Imagine walking past a Pride Parade, or the floor of the Stock Market, or a fast food restaurant, or into Parliament, or a bar full of biker gangs, being handed a microphone, dragged onto stage, and be told, “Ok, tell everyone what you think of what we’re doing here!”

Would you? Doing so might get you in all kinds of trouble – maybe even killed. Like they tried to do to Paul.

In our modern culture, we don’t really stone people we disagree with, right? What do we do instead? We cancel them. We humiliate and socially destroy them. Someone gets caught doing something – or having done something 15 years ago – the internet gets all upset, people start virtue signalling, and suddenly that person no longer has a job. It doesn’t matter if the accusations are false, the crowd has it exactly backwards, and they’re destroying an innocent person’s reputation.
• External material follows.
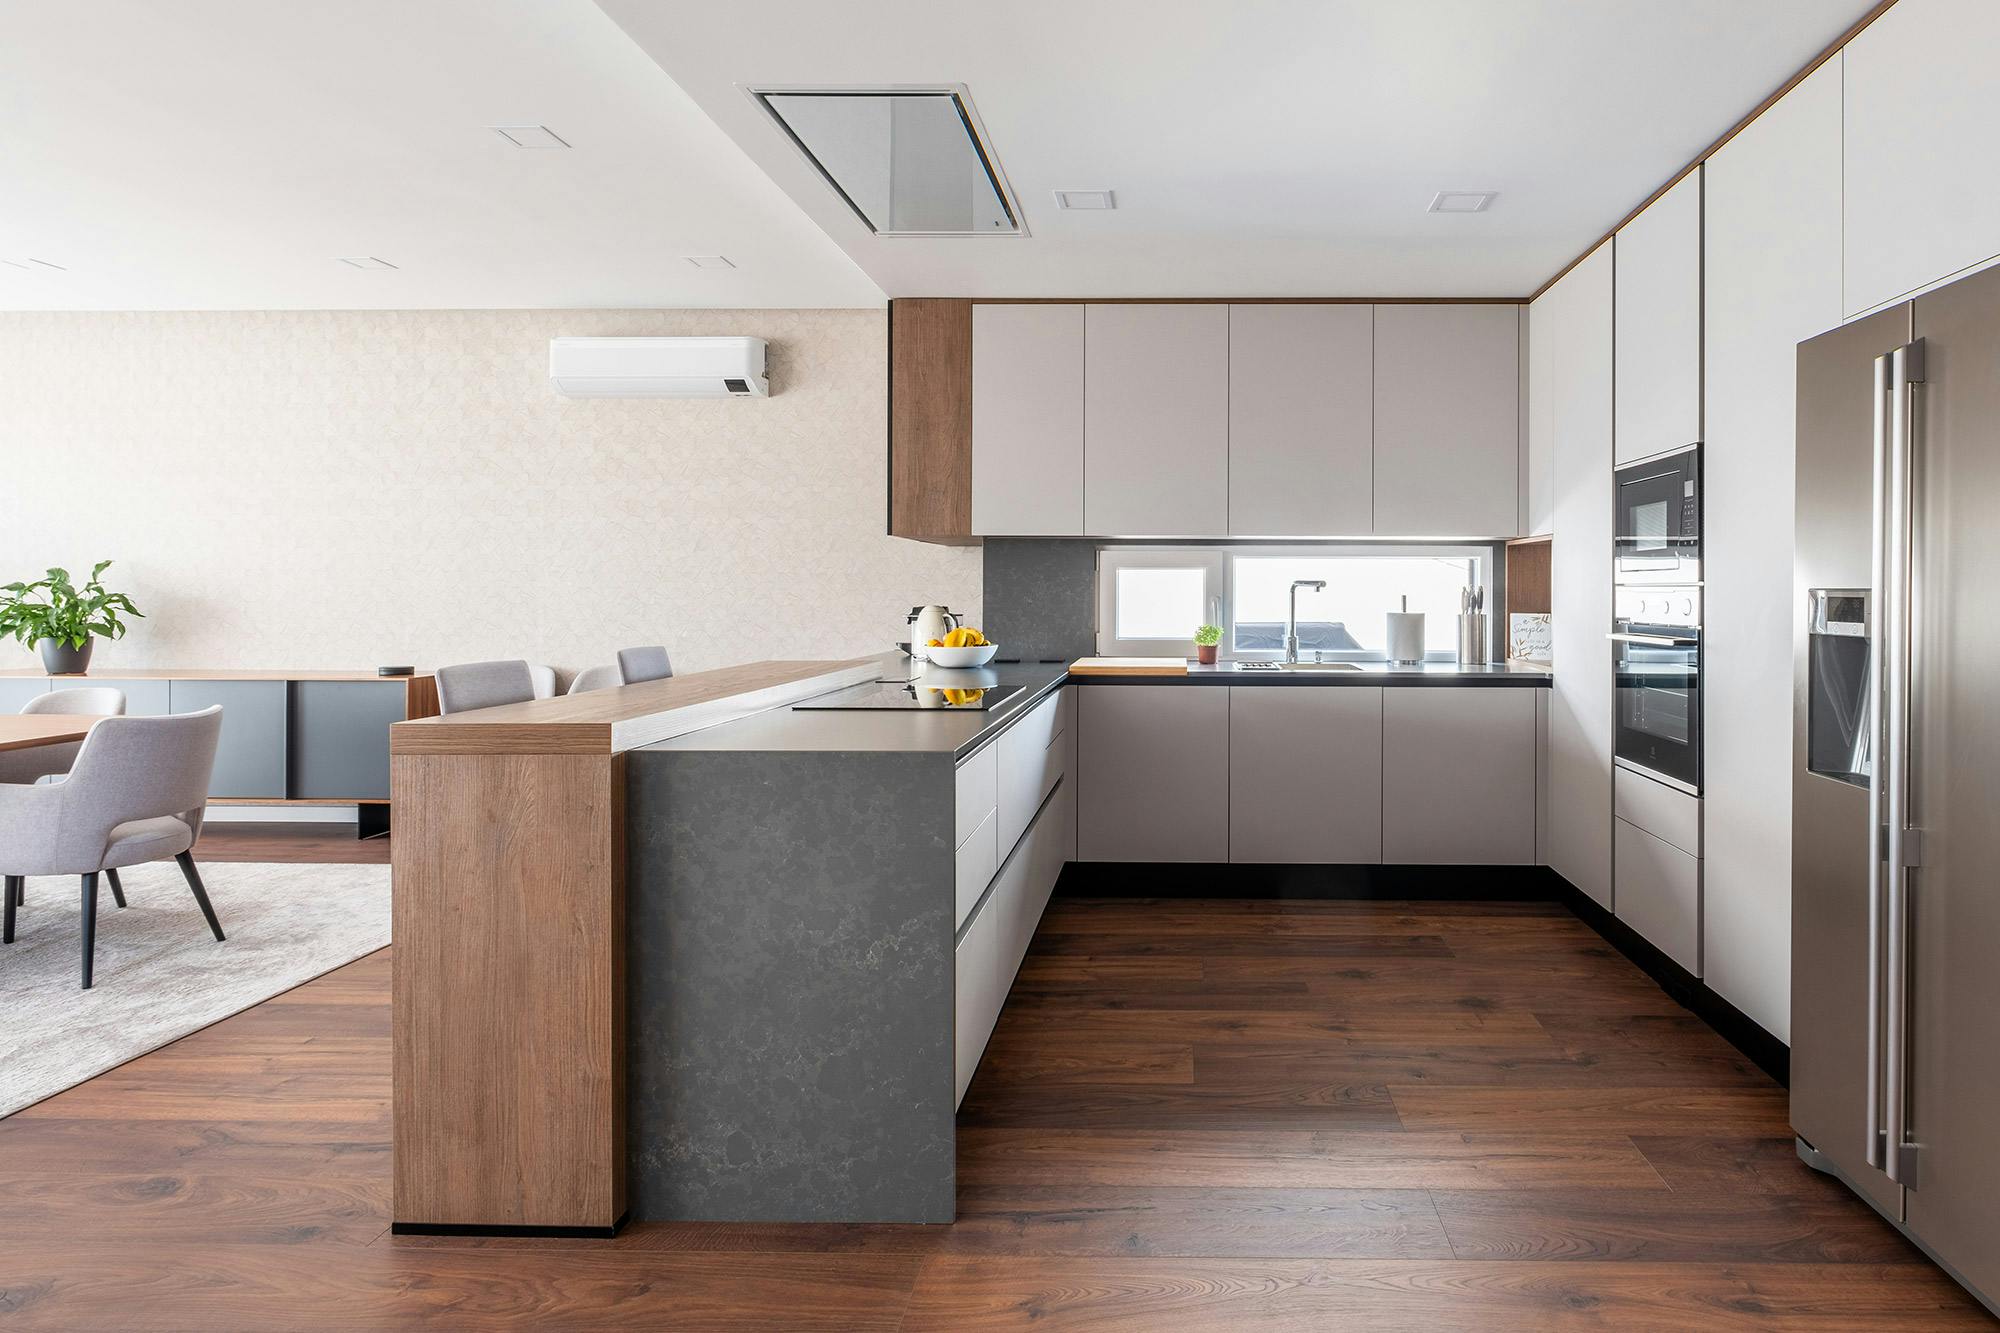 Numero immagine 42 della sezione corrente di Professional features for a domestic kitchen worktop di Cosentino Italia

And when that happens over and over and over, it can become a little scary to even think of sharing your thoughts online. And if you’ve ever been embarrassed at work, church, or among your friend group for having differing opinions, sharing your faith, or trying to go against them when you see them going the wrong way – it can have the same effect. You keep your mouth shut.

The author’s conclusion is that both responses from the crowd are equally hard to deal with: Adulation and Rejection. Both have their own challenges, temptations, consequences, and biblical responses. Both are going to trigger your fear of man and potentially cause you to run from what you know is right, compromise your integrity, grow distant from God and others, and make you miserable in the end. Fighting against the fear of man is going to take a lot of effort, and a lot of perserverance.
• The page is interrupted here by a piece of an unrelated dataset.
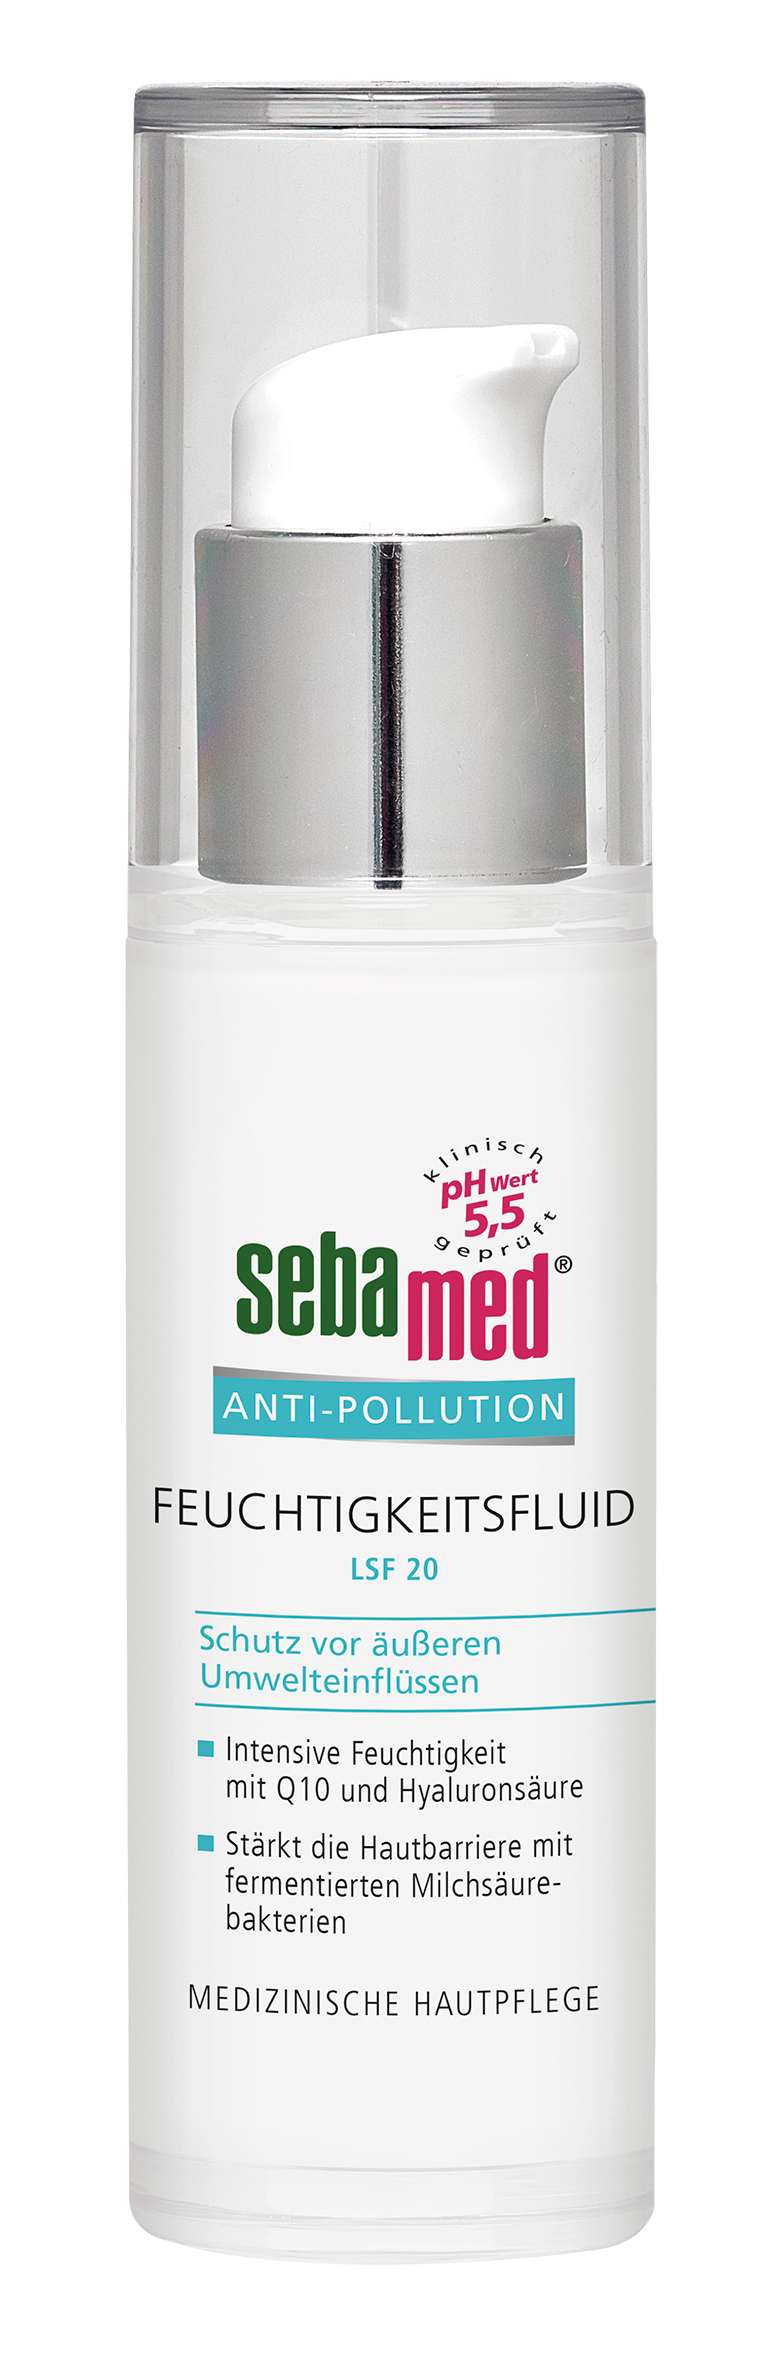 sebamed ANTI-POLLUTION Feuchtigkeitsfluid (30 ml): UVP 9,99 Euro

I’m going to leave the rest of the article to you, but let me end with the authors concluding words because they are good to meditate on, “What might his perseverance mean for us? That we should resist the ever-present impulse to give up on people who despise us for obeying Jesus, to immediately walk away from those who hurt or discourage us, to spend all our time and energy on people who make us feel loved. As the cross reminds us, again and again, Love did not avoid hostility to protect himself; he embraced hostility for the joy set before him (Hebrews 12:2). So whose idle praise are you tempted to pursue and encourage? And whose irrational disapproval are you tempted to try and appease? Flee, with Paul, from the seductive and dreadful fear of man.”

An Interesting Study

The last part of these podcasts is an “Interesting Study” on the classic book, “Pilgrim’s Progress” by John Bunyan. Remember, there’s a link to this book – for free – on my blog if you want to read along. This week we’re all the way to the end of Chapter 6, and Christians experiences with Piety, Prudence, and Charity, in the Beautiful Palace.
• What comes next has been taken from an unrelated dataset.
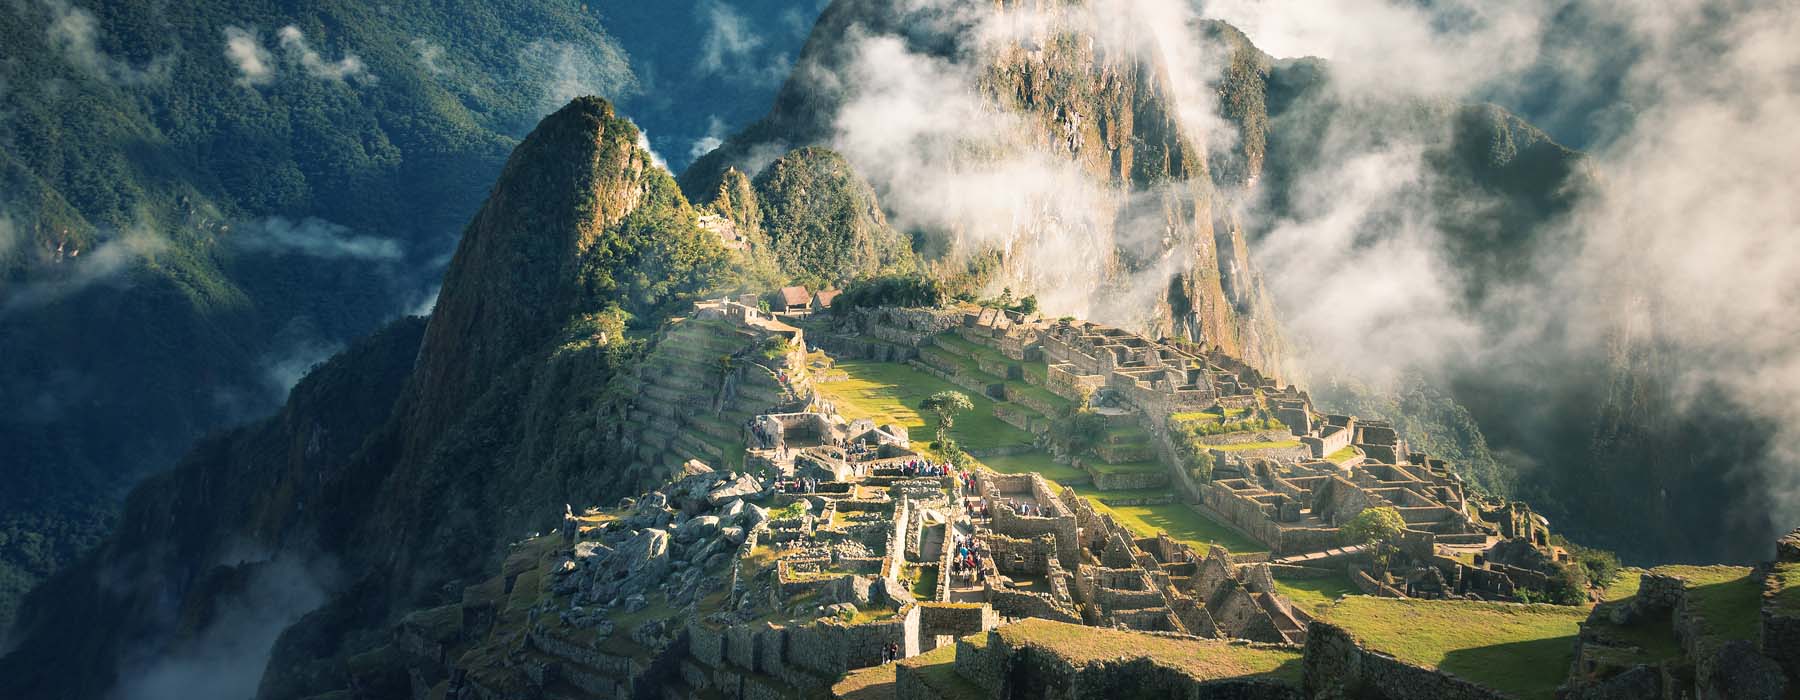 Peru<br class="hidden-md hidden-lg" /> Responsible Travel

More and more I’m being convinced that the Beautiful Palace is an allegory for being part of a good, loving, gospel church. If the Lions represent the challenge of church membership, then it would make sense that the place which they protect is the church. And the way that the girls, Piety, Charity and Prudence, talk to Christian reminds me a lot of what my life has been like in the church groups I’ve been part of.

His first conversation is with Piety. To be Pious means to be Devoutly Religious and you can tell by her questions that’s what she’s all about. How did you become a Christian? Did you come the right way through? Did you sit under the Interpreters teachings? Did you pay attention? Ok, tell me what you saw there – in detail.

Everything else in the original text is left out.